WORK REQUEST: Identify, in the records below, every line where the string "STREET" appears, and copy each such line.
....................
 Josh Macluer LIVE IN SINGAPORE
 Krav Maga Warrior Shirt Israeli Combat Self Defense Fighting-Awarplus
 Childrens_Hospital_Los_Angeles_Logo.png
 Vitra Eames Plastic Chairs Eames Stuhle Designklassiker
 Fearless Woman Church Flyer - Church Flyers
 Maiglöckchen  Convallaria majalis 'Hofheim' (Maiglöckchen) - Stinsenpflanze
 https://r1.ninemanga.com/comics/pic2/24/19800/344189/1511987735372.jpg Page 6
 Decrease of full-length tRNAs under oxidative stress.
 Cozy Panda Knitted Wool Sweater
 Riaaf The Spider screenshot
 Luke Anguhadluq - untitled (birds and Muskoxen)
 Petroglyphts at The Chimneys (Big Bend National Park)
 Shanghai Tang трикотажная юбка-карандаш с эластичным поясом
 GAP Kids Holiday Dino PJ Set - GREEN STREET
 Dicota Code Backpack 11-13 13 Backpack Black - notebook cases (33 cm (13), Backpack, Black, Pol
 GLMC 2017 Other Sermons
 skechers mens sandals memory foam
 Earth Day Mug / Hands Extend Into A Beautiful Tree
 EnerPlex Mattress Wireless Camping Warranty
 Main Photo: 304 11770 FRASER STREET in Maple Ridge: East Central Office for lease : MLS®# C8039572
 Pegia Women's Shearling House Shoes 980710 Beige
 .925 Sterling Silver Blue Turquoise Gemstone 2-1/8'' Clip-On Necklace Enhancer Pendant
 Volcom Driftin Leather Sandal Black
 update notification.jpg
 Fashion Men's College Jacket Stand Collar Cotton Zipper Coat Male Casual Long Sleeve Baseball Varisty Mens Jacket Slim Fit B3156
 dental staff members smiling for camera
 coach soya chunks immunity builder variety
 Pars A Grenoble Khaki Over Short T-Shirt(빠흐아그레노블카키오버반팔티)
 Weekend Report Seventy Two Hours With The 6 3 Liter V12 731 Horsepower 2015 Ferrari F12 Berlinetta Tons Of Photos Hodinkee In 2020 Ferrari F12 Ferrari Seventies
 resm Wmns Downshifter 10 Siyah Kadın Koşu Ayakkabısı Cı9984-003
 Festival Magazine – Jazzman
....................
RESPONSE AREA:
 GAP Kids Holiday Dino PJ Set - GREEN STREET
 Main Photo: 304 11770 FRASER STREET in Maple Ridge: East Central Office for lease : MLS®# C8039572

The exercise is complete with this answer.